= Data =
=== Section Start ===

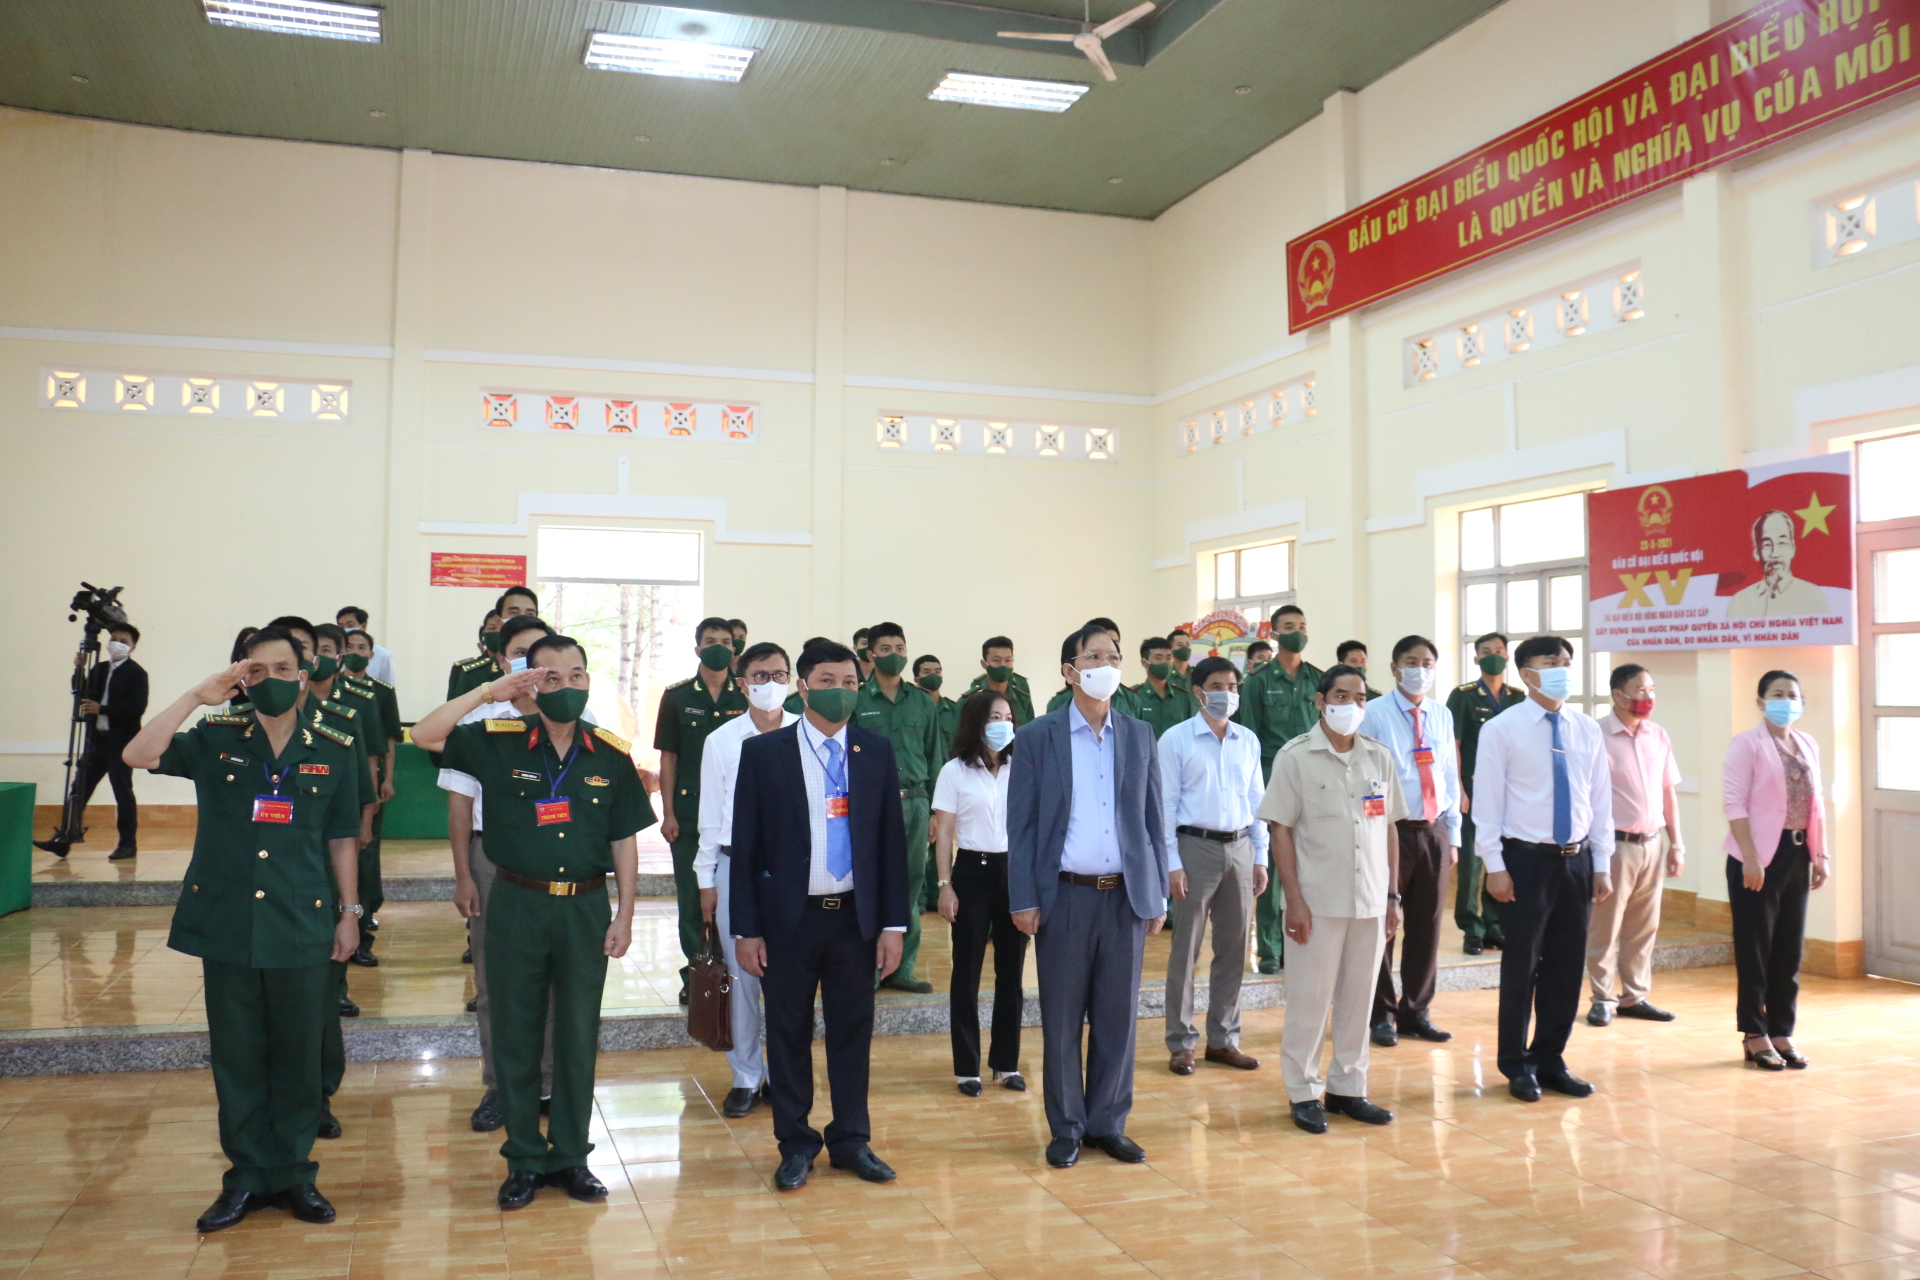 Đắk Nông: Bộ đội Biên phòng vùng biên đảm bảo an toàn khi bầu cử sớm - Ảnh 5.
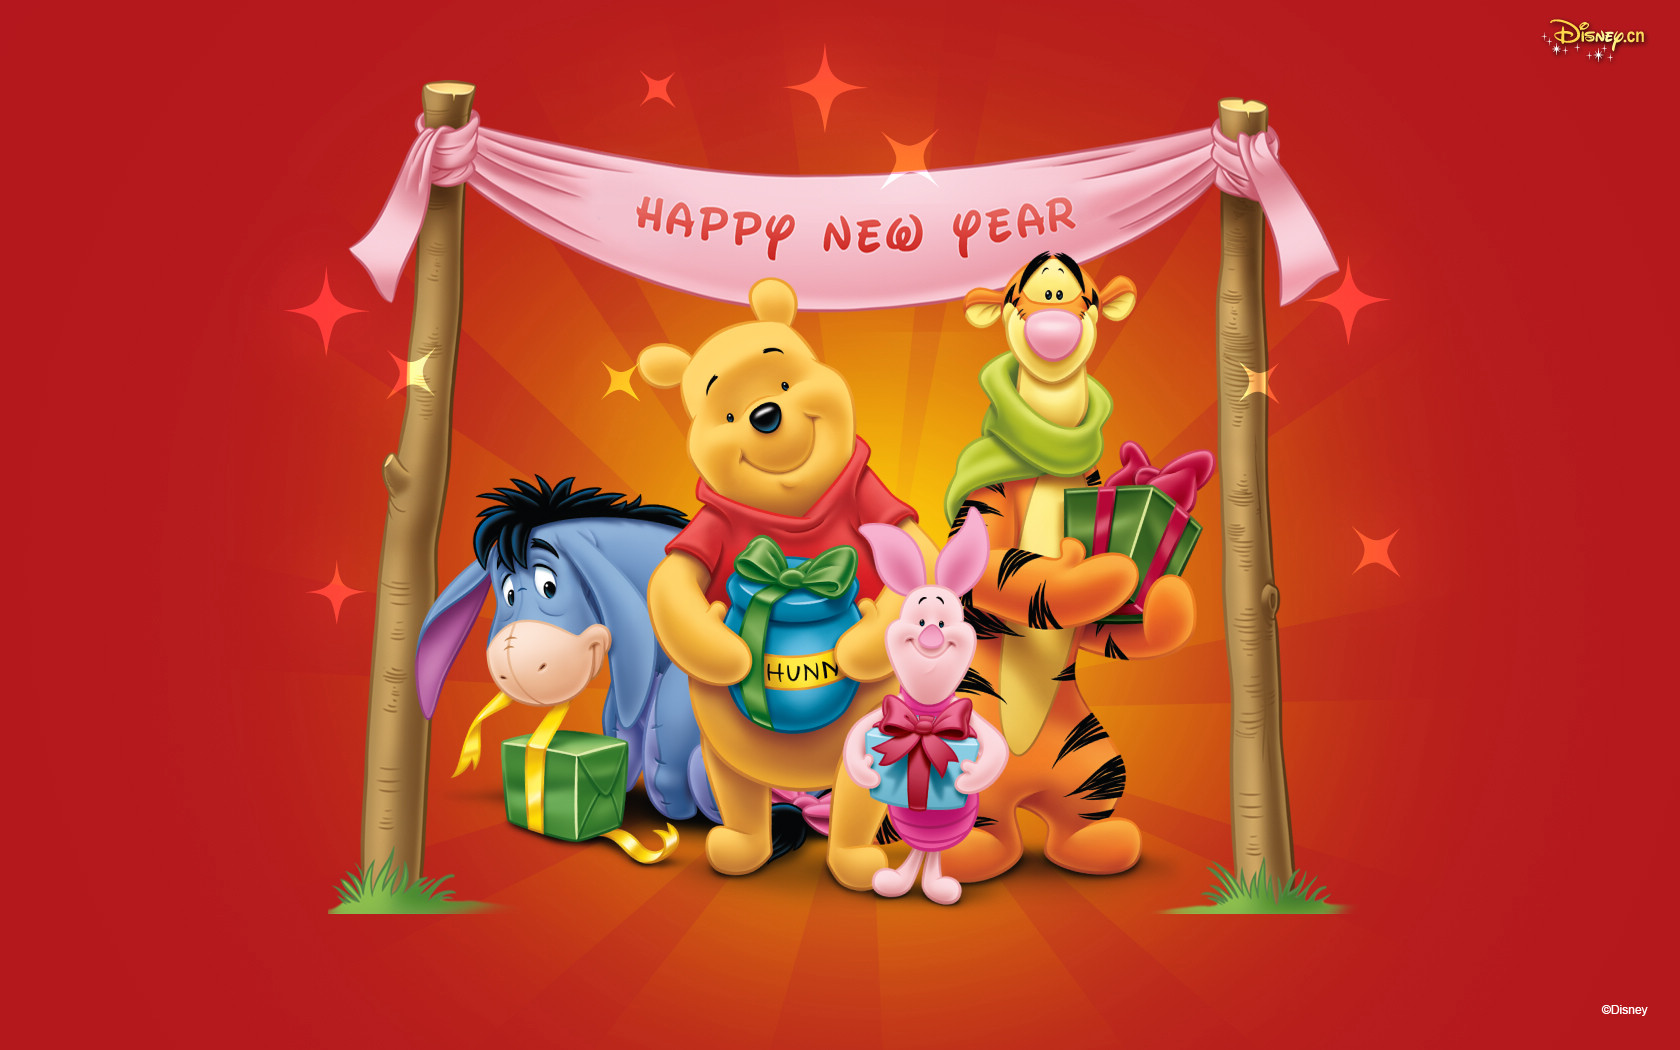 お正月 ディズニー くまのプーさん Winnie The Pooh Pcデスクトップ壁紙 画像 高画質 Naver まとめ
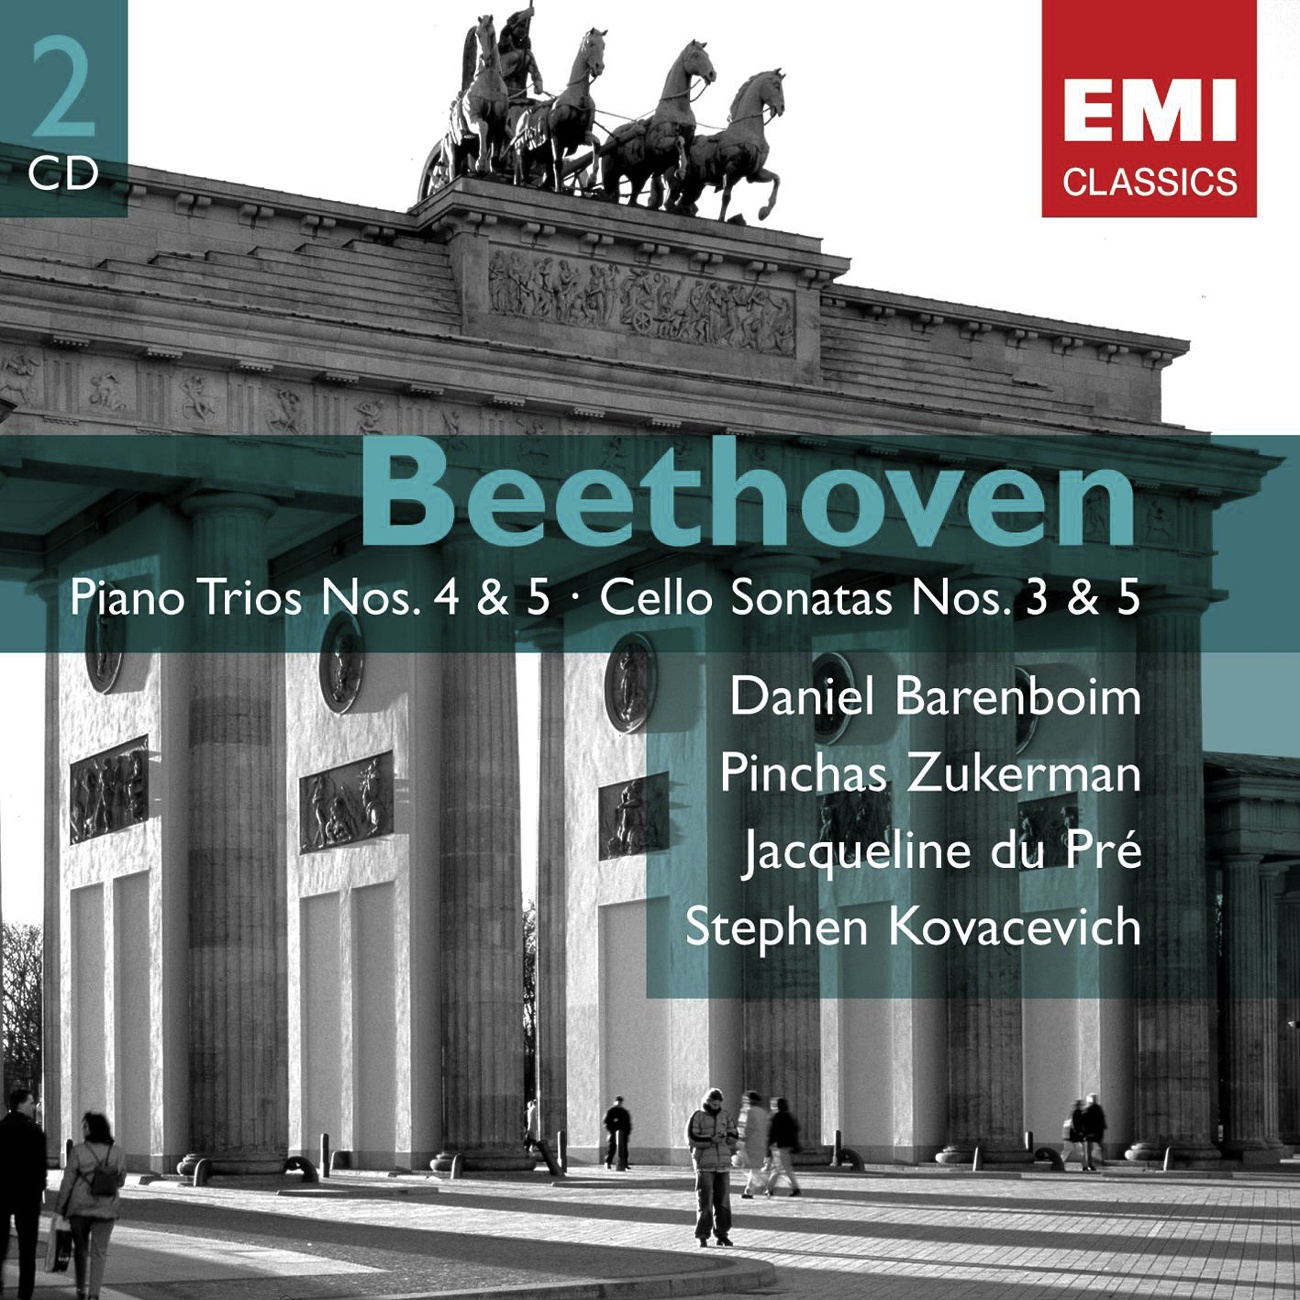 Piano Trio No. 5 in D major (Ghost) Op. 70 No .1 (2001 Digital Remaster): I. Allegro vivace e con brio

=== Section End ===

= Task goal =
The result should be every line of the data, reproduced exactly, with the images removed.

= Result of this task =
 Đắk Nông: Bộ đội Biên phòng vùng biên đảm bảo an toàn khi bầu cử sớm - Ảnh 5.
 お正月 ディズニー くまのプーさん Winnie The Pooh Pcデスクトップ壁紙 画像 高画質 Naver まとめ
 Piano Trio No. 5 in D major (Ghost) Op. 70 No .1 (2001 Digital Remaster): I. Allegro vivace e con brio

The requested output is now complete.